K. Roux, J.P. Shock, B. Osano

DATE PUBLISHED

July 19th 2021

Abstract

Language research on the school-undergraduate mathematics transition approaches the problem from various perspectives: language proficiency, mathematical discourse, multilingualism, etc. Our focus on topic-specific literacy demands responds to the manifestation of this stubborn problem at an English-medium university in multilingual South Africa. Performance is poor overall, with students not recognising their school ‘functions’ and ‘proofs’, but also inequitable by declared race and − in poorly understood ways − by measured literacy practices in English (Shay et al., 2020).

Sfard’s (2008) commognition recognises the key role of multimodal language in routines with and endorsing narratives about mathematical objects. For the specific problem in our context, we supplement Sfard’s word use and visual mediators from literature on topic-specific mathematical language (e.g., Prediger & Hein, 2017). Literacy practices, constituted by registers, language modes, and genres, are practised in one or more named languages. Eleven students with diverse language repertoires volunteered to answer six function questions during the 2020 ‘remote’ course. We analyse their written solutions and prompted, audio- recorded talk about these.

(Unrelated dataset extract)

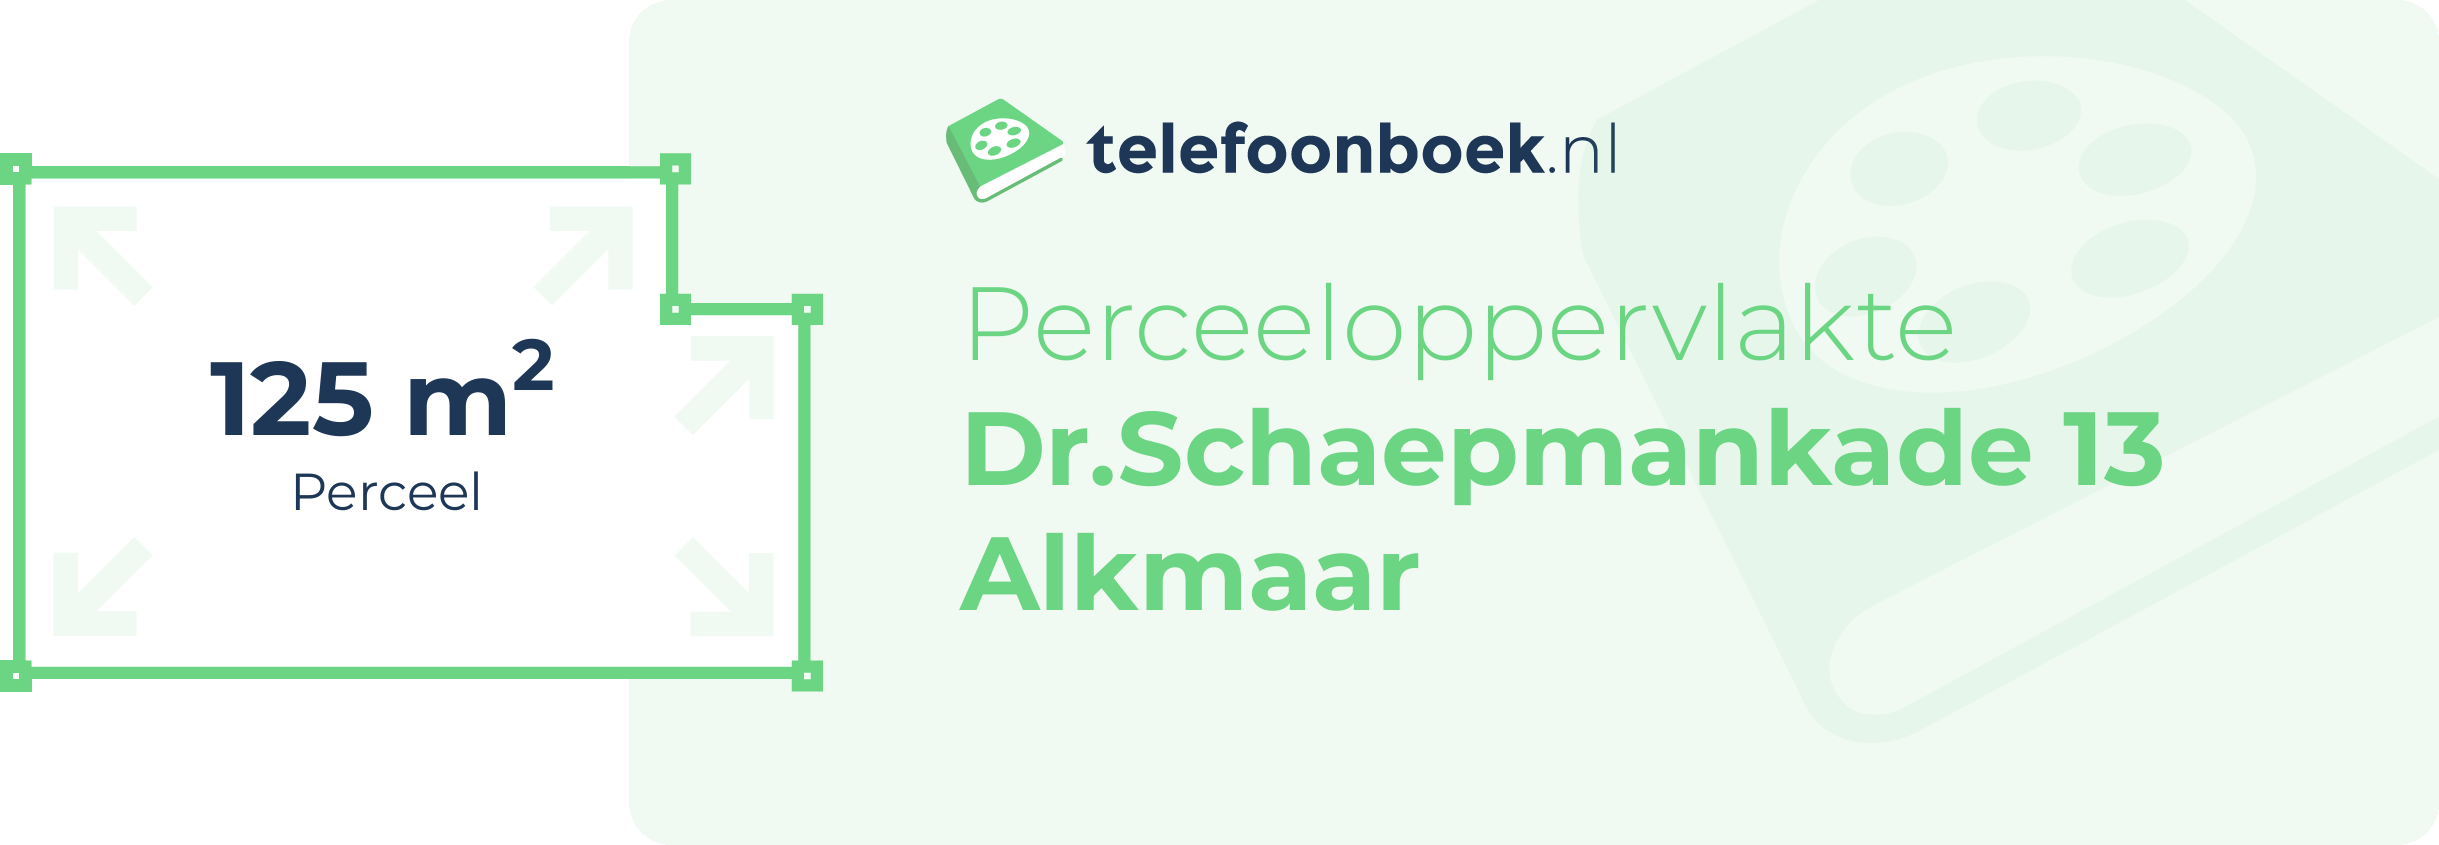 Perceeloppervlakte Dr.Schaepmankade 13 Alkmaar

In our preliminary analysis students perform accurate routines with a given function but may not act with a function as mathematical object. Their narratives about proofs and definitions, in which conditional language (words and symbols) is not used productively, are generally not mathematically endorsed. Students are unsure what language modes constitute a valid proof and may be convinced by visual appearance. These results point to how, by supplementing Sfard’s language tools, we are surfacing the detail of students’ literacy practices for specific topics. The results and our perspective are informing first-year course design and lecturer education development in our multilingual context and could potentially be used in other such contexts.